***** Data below

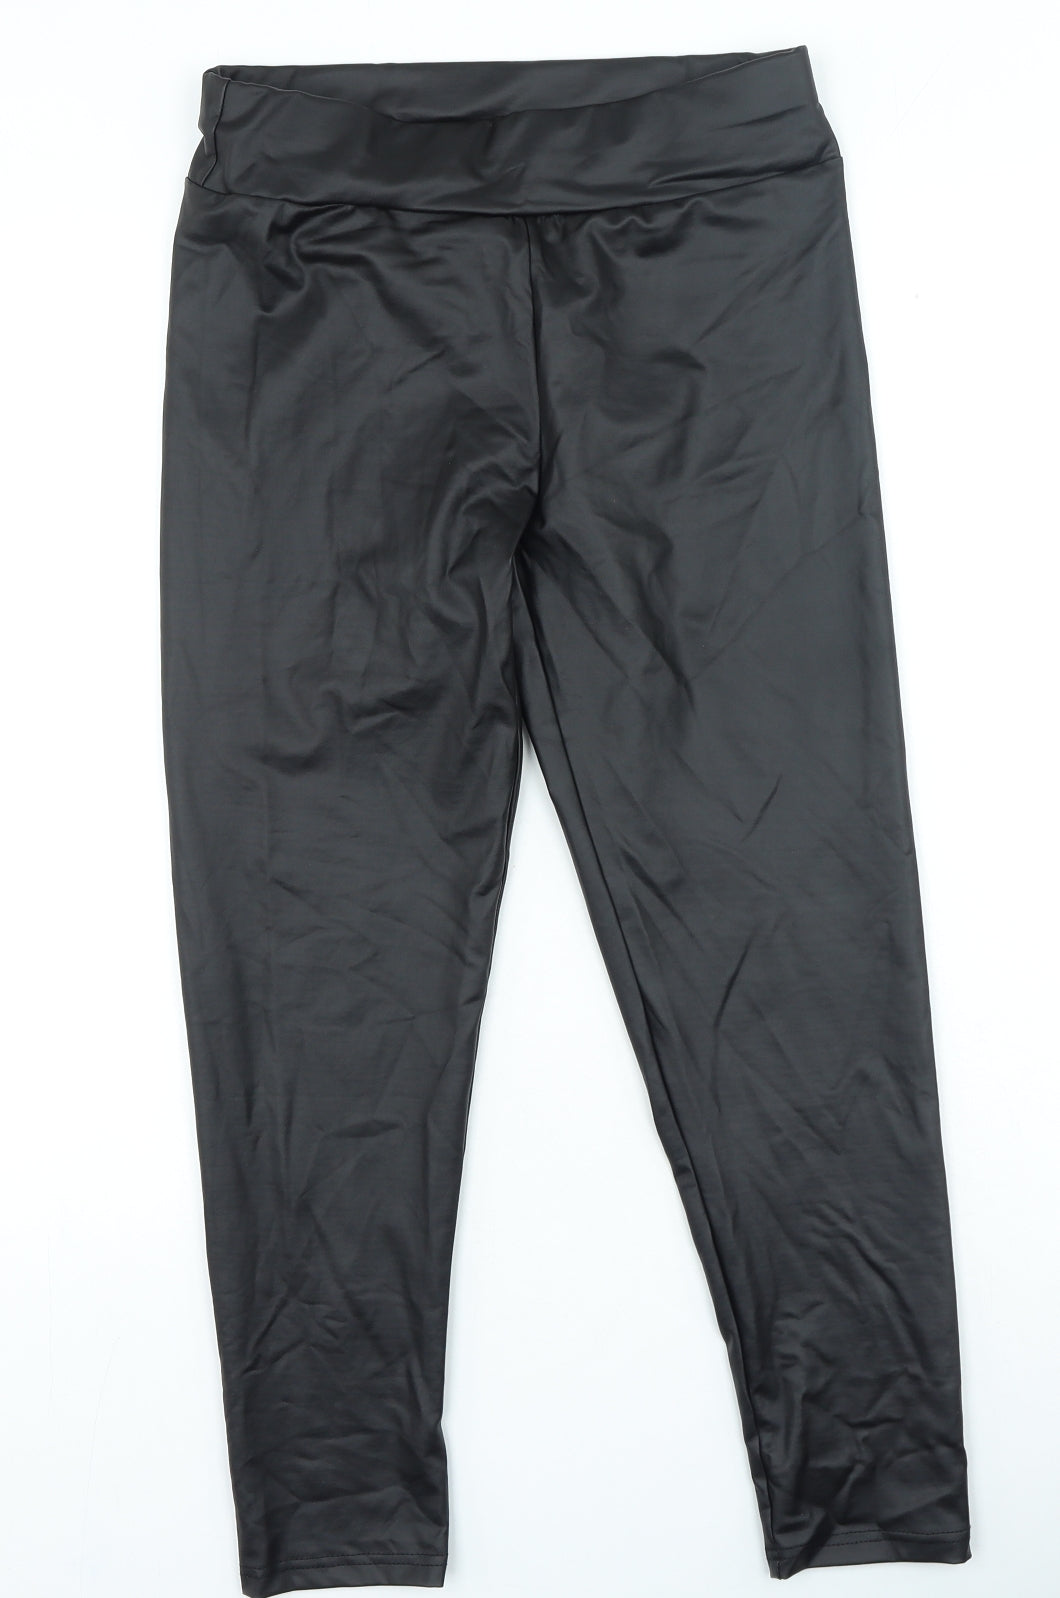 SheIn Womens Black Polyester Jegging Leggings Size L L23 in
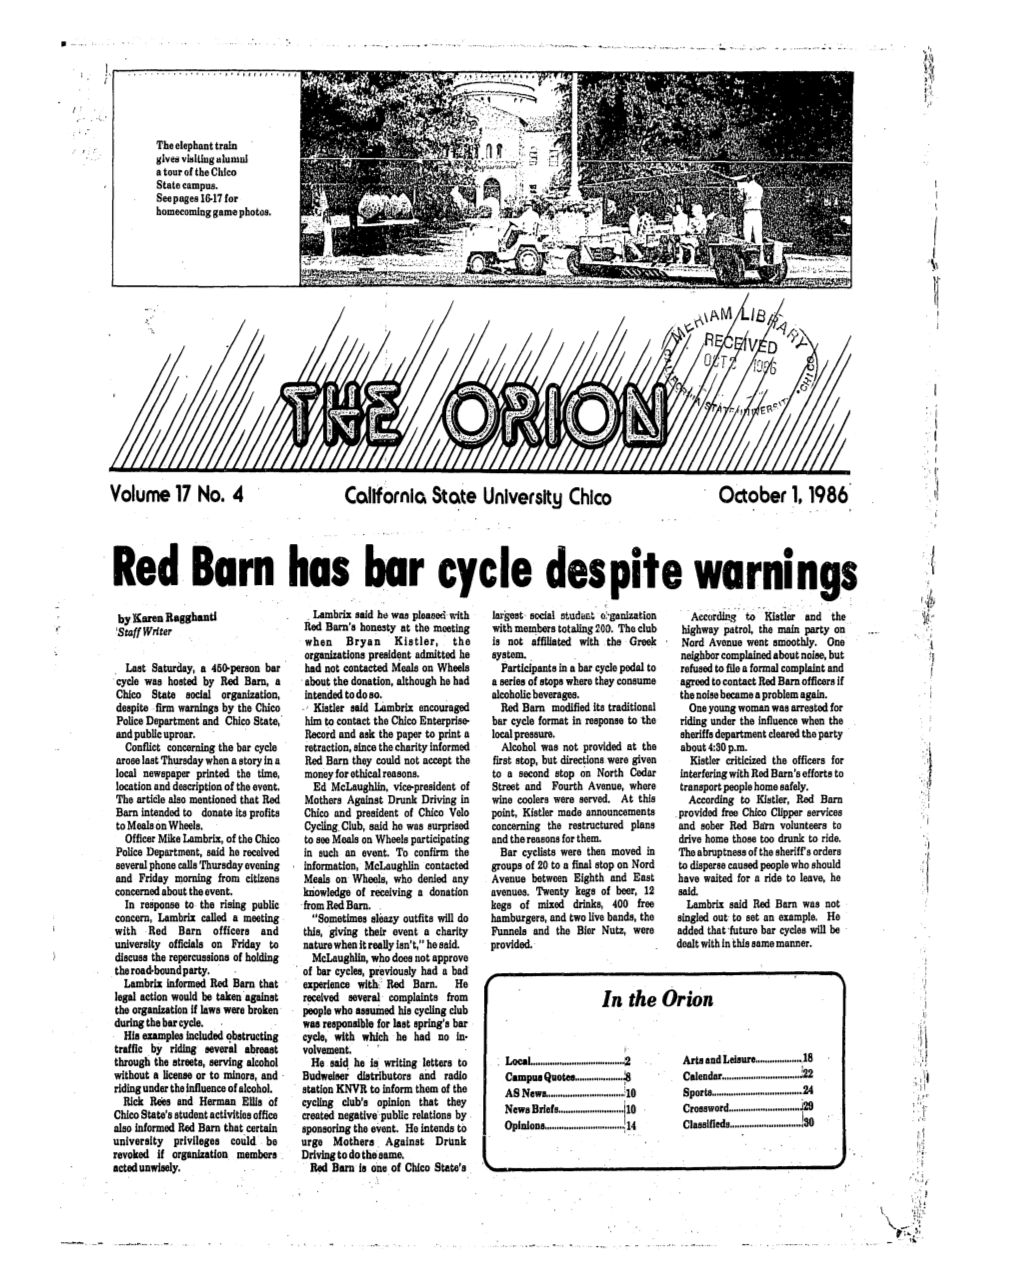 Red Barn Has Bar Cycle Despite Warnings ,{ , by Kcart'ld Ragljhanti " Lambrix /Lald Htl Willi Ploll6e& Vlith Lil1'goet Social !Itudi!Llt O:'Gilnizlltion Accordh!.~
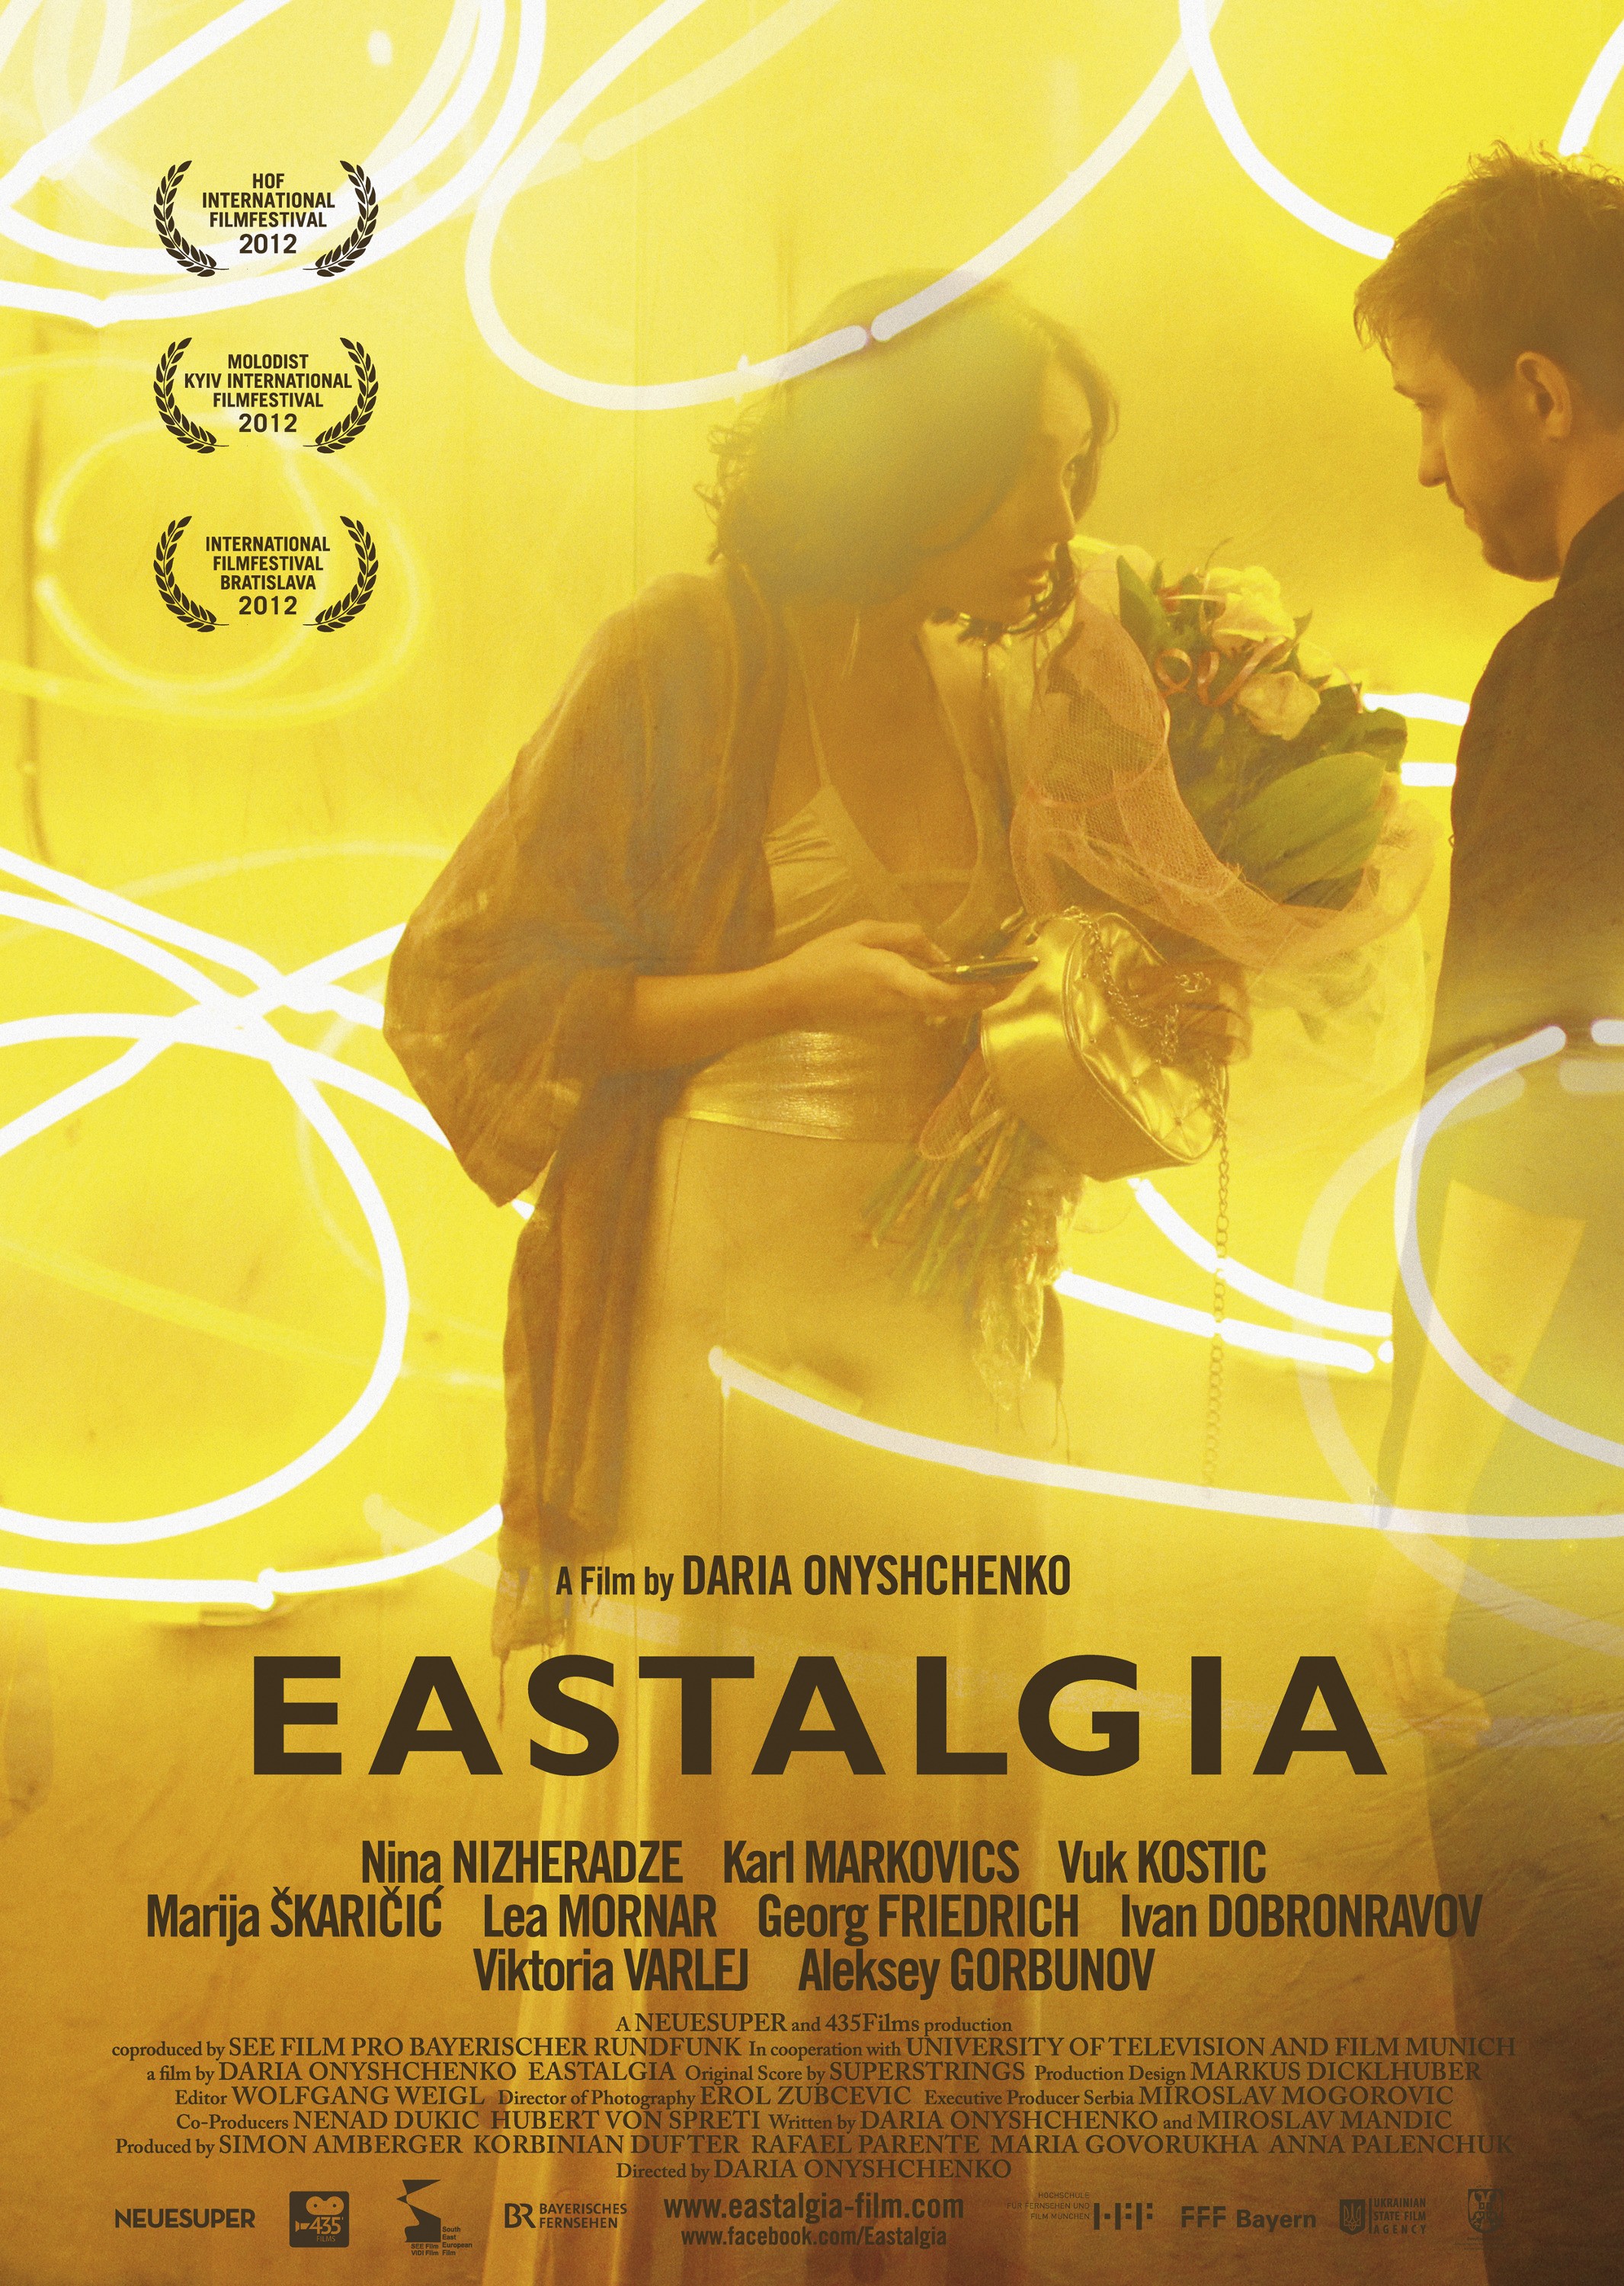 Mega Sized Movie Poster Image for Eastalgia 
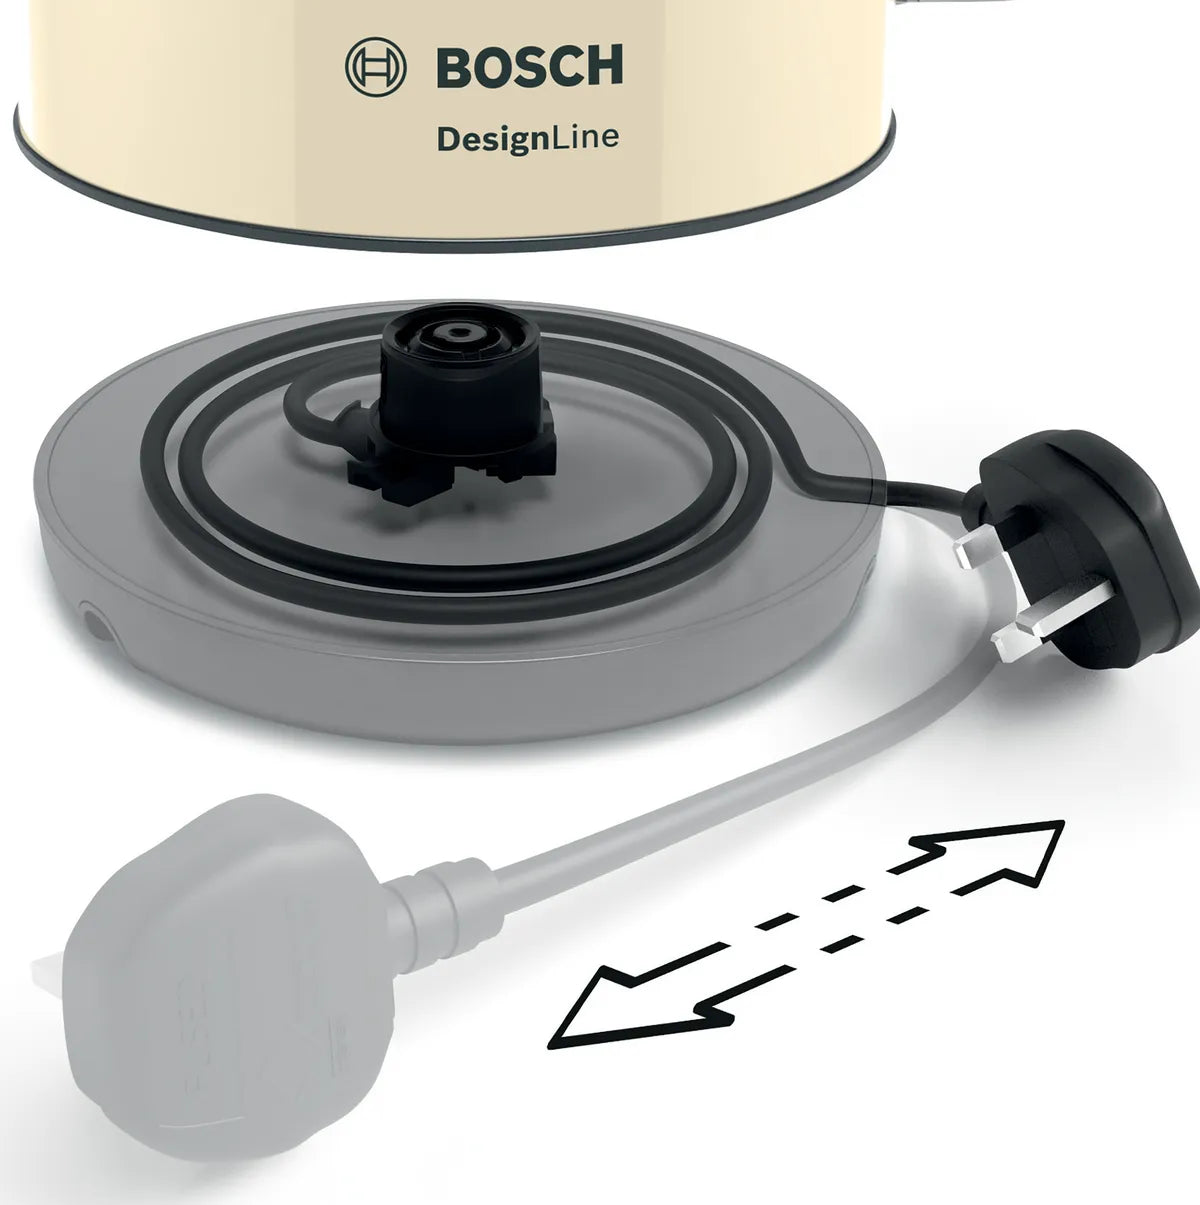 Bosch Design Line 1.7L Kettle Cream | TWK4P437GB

**********

__Task directions__
The answer should hold every line of the listing, copied exactly, with no pictures.

__Your response__
 SheIn Womens Black Polyester Jegging Leggings Size L L23 in
 Red Barn Has Bar Cycle Despite Warnings ,{ , by Kcart'ld Ragljhanti " Lambrix /Lald Htl Willi Ploll6e& Vlith Lil1'goet Social !Itudi!Llt O:'Gilnizlltion Accordh!.~
 Mega Sized Movie Poster Image for Eastalgia 
 Bosch Design Line 1.7L Kettle Cream | TWK4P437GB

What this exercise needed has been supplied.